▶ _Data segment_
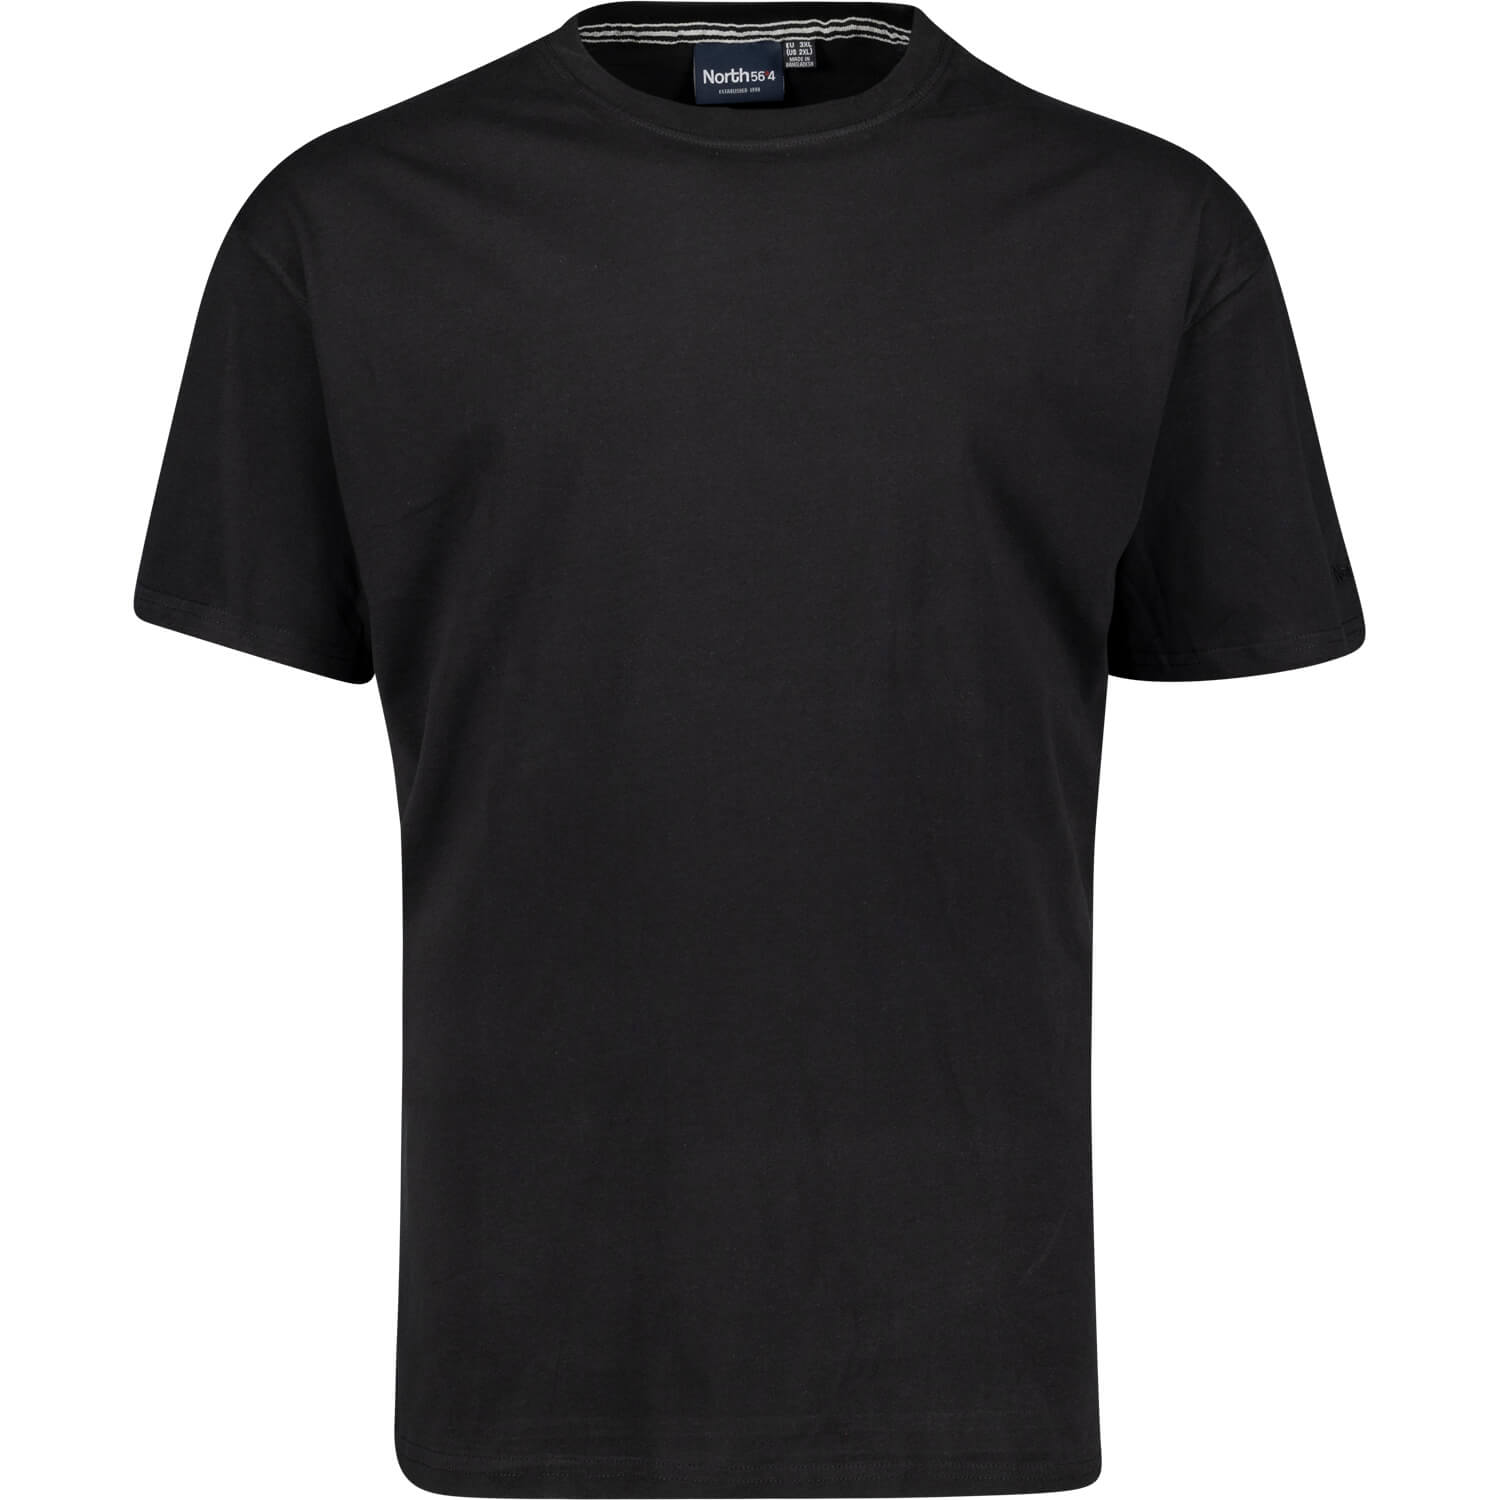 Schwarzes Basic-T-Shirt - Rundhals - North 56°4 bis 8XL
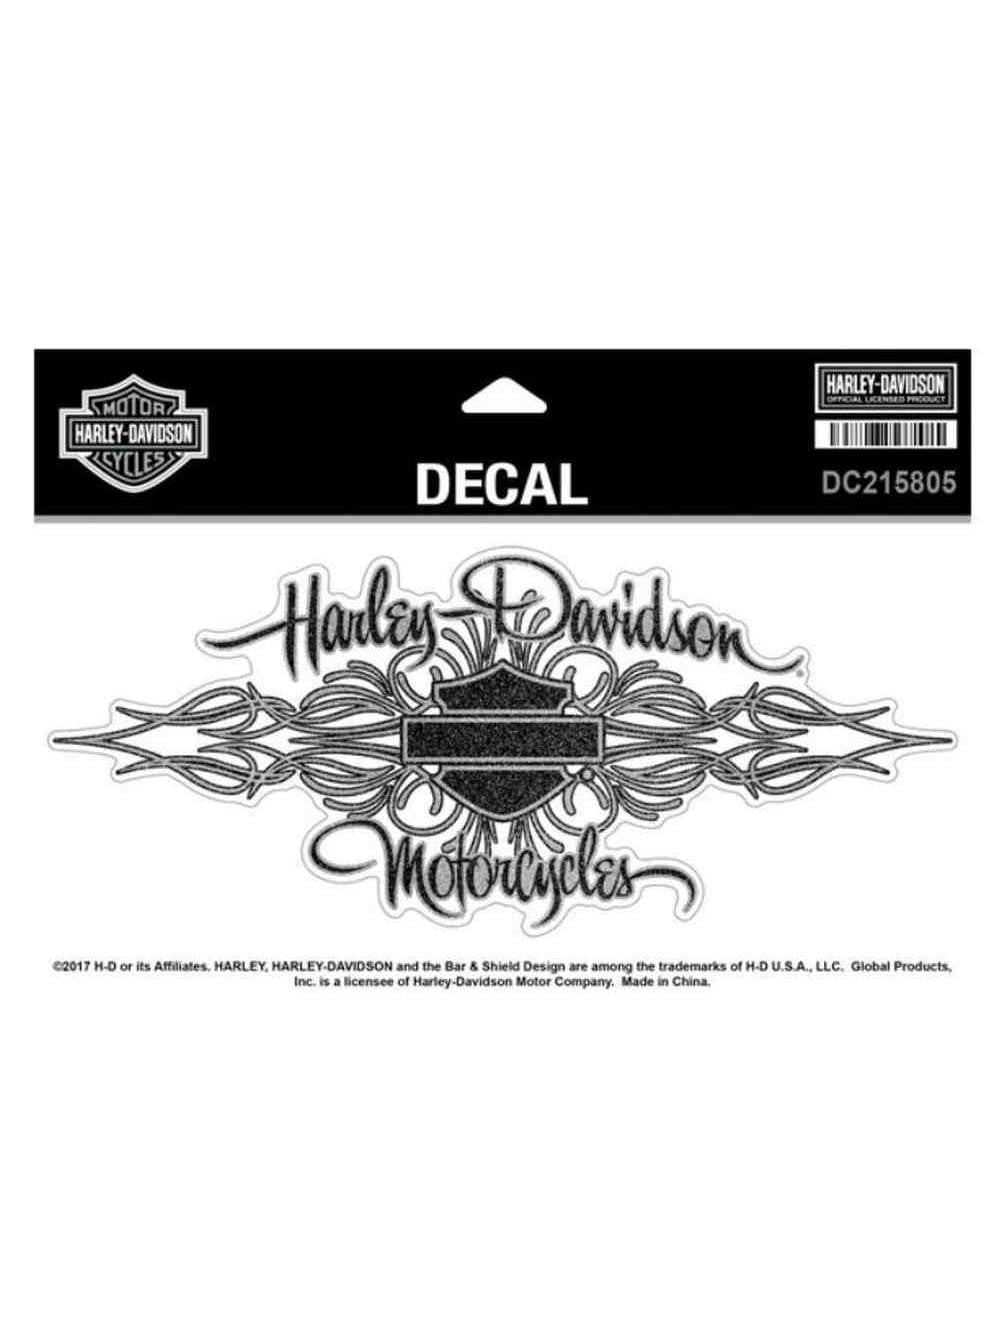 Harley Davidson Signature Glitter Decal Size Xl 8 125 X 3 625 Inches Dc215805 Harley Davidson Walmart Com
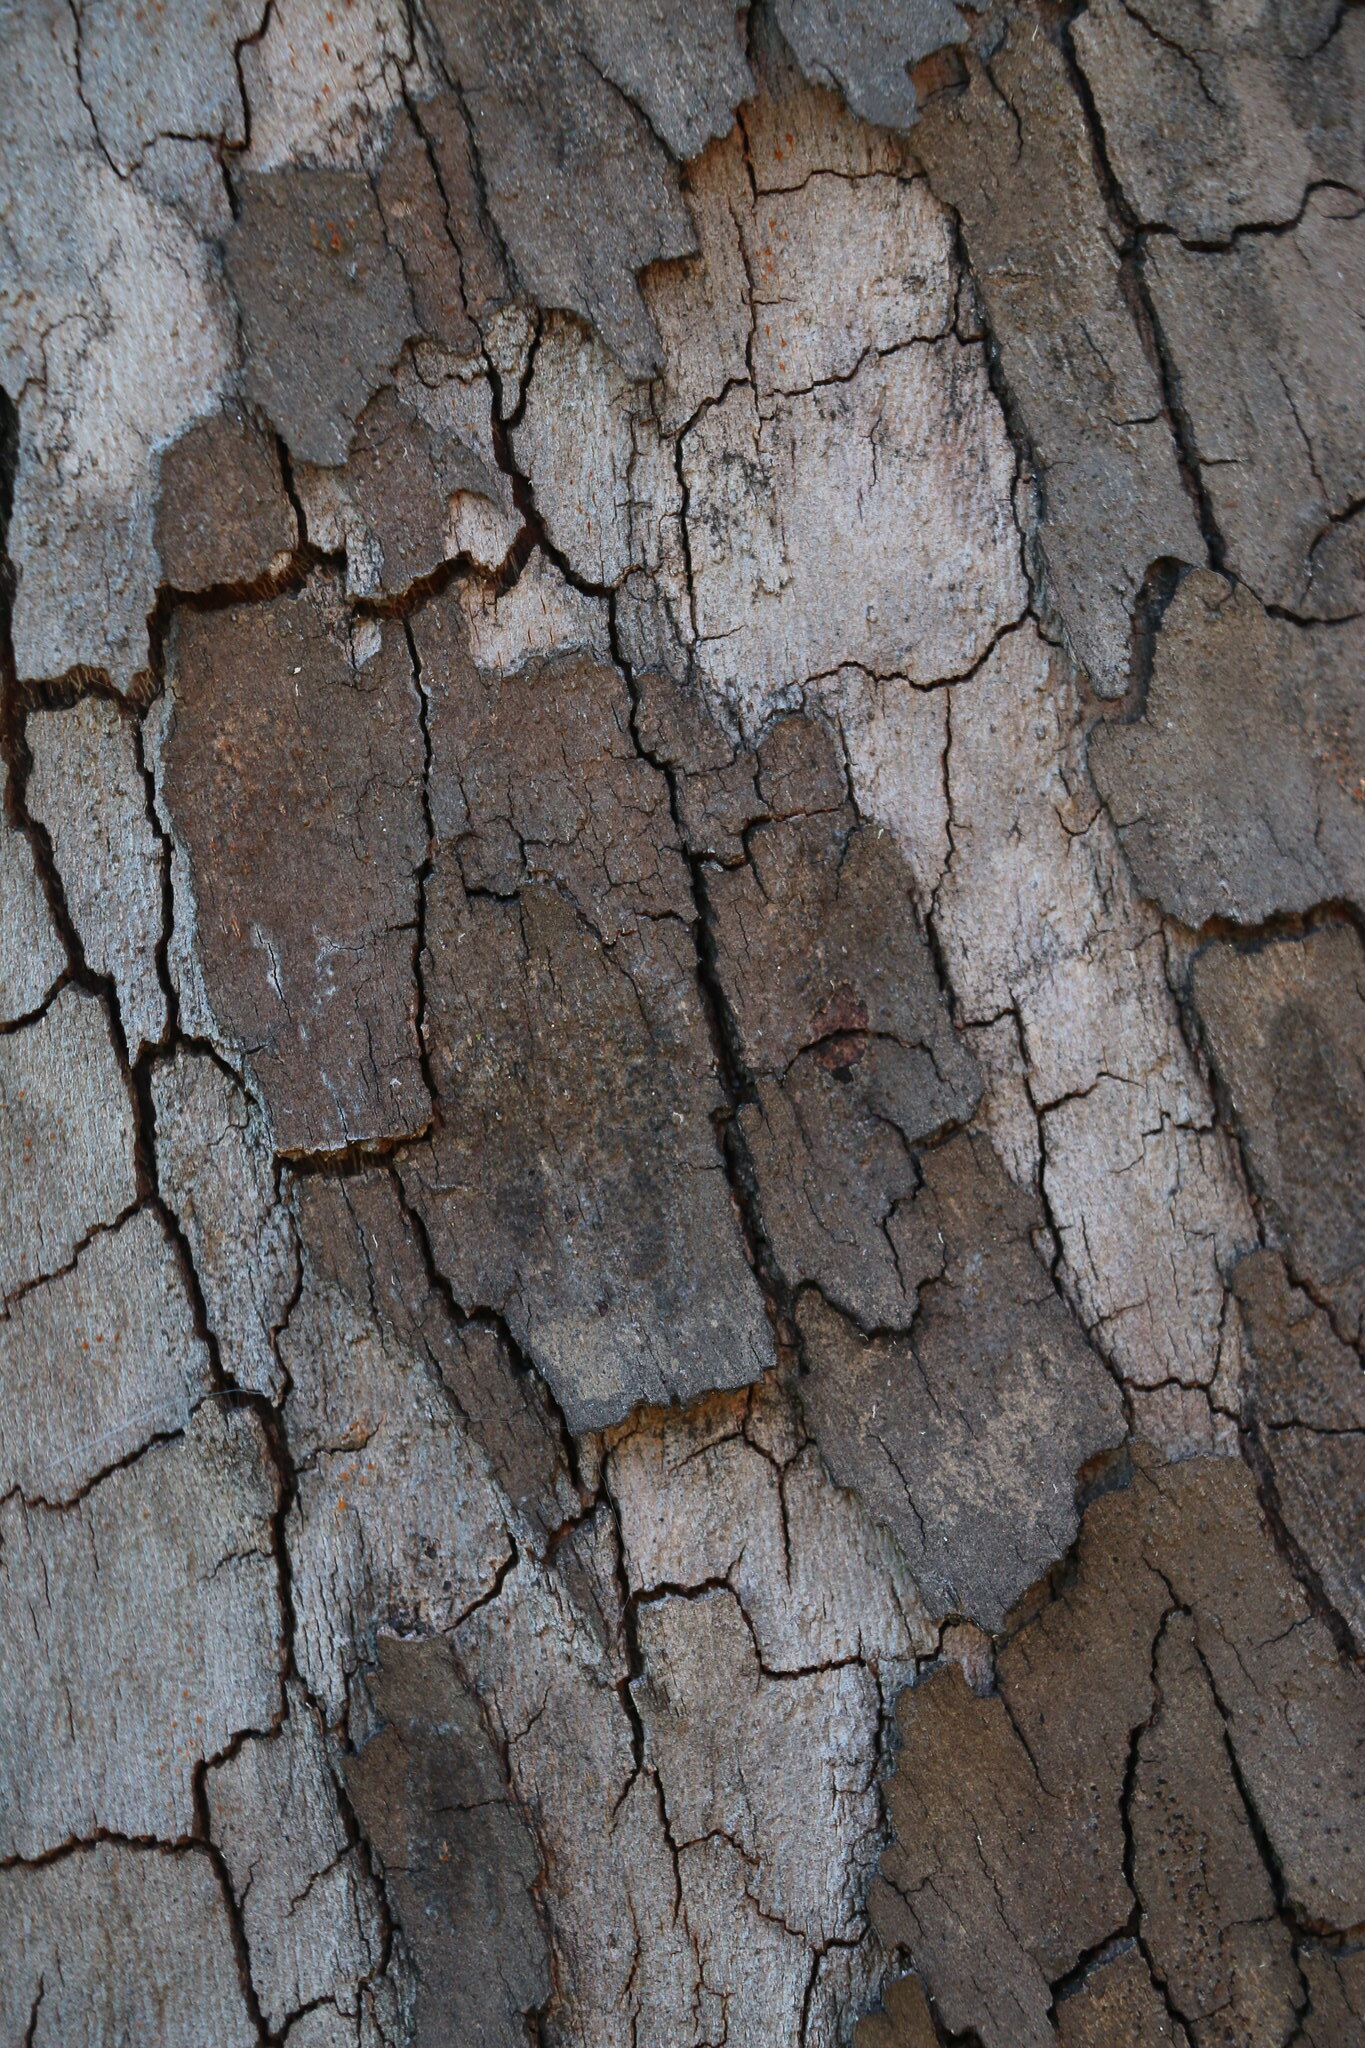 Tree Texture (SOTC 344/365)
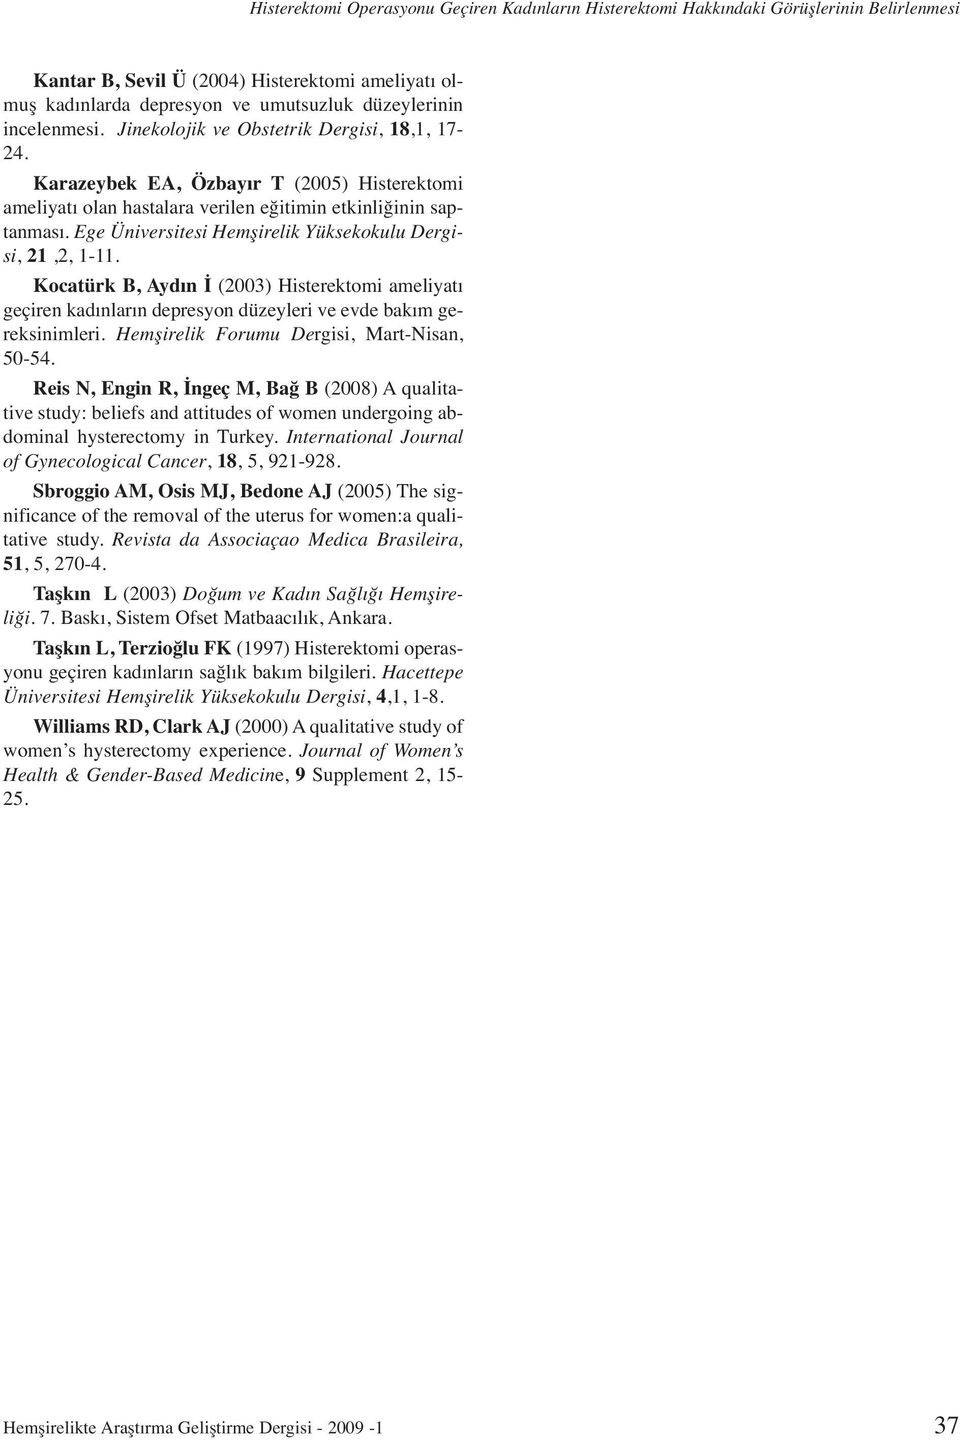 Ege Üniversitesi Hemşirelik Yüksekokulu Dergisi, 21,2, 1-11. Kocatürk B, Aydın İ (2003) Histerektomi ameliyatı geçiren kadınların depresyon düzeyleri ve evde bakım gereksinimleri.

▶ _Aim of the exercise_
Your output should be the lines from the one with "Tree Texture (SOTC 344/365)" through the end of the listing, copied exactly and with the pictures left out.

▶ _Solution_
 Tree Texture (SOTC 344/365)
 Ege Üniversitesi Hemşirelik Yüksekokulu Dergisi, 21,2, 1-11. Kocatürk B, Aydın İ (2003) Histerektomi ameliyatı geçiren kadınların depresyon düzeyleri ve evde bakım gereksinimleri.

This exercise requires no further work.